2. "Economically significant" regulations are defined as regulations that have an economic impact exceeding $100 million or that "adversely affect in a material way the economy, a sector of the economy, productivity, competition, jobs, the environment, public health or safety, or State, local or tribal governments or communities."(EO 12866 Sec. 3(f)(1)) Economically significant regulations require an extensive Regulatory Impact Analysis (RIA) that assesses the need, effectiveness, benefits, costs, and alternatives for the proposed regulation. (EO 12866 Sec. 6(a)(3)(C))
3. The qualitative evaluation method is based on the Mercatus Center's Performance Report Scorecard, a 10-year project that assessed the quality of federal agencies' annual performance reports required under the Government Performance and Results Act of 1996. For the most recent results, see McTigue et. al. (2009).
4. We acknowledge that the decision makers may already have their minds made up before any economic analysis is done (Williams 2008, 18–19), but remain optimistic that better analysis may sometimes lead to better decisions.

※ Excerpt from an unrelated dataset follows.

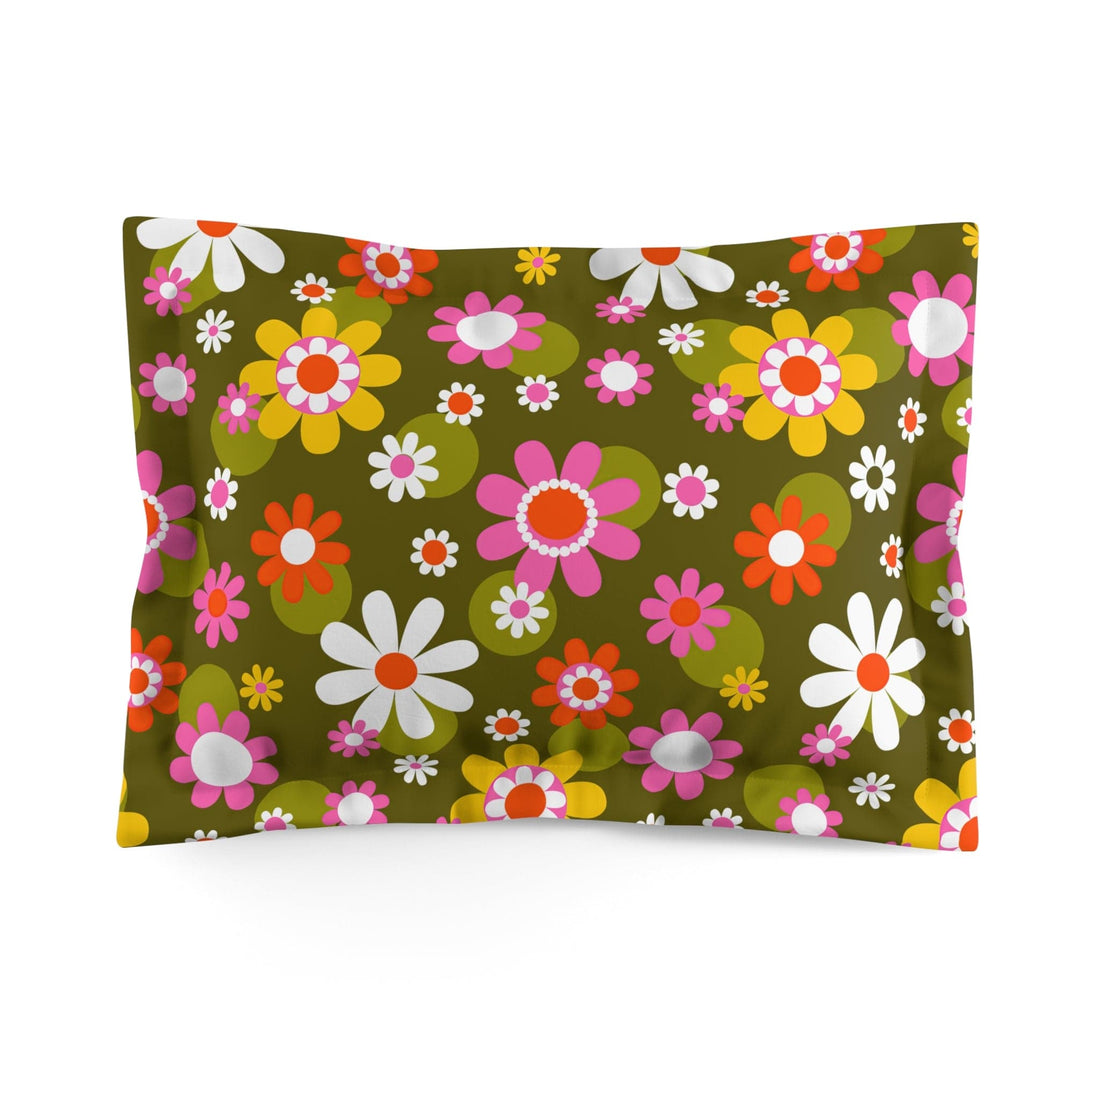 Printify Groovy Hippie Daisy Flower Power Pillow Sham, Retro Mid Mod Green, Pink Floral Bedroom Pillow Home Decor Standard 23189170097492609310

5. The term "intersubjective" refers to subjective interpretations that different individuals can share because they have commonly-understood meanings. Social scientists most commonly use the term to denote economic agents‘ ability to understand the interpretations and meanings of other economic agents (Schutz 1953, 7-8) or the social scientist‘s ability to understand the interpretations and meanings of the economic agents who are the subject of study (Schutz 1953, 34; Lavoie 1990, 172–77). We think it applies equally well here, when colleagues share similar subjective understandings of what constitutes better and worse analyses.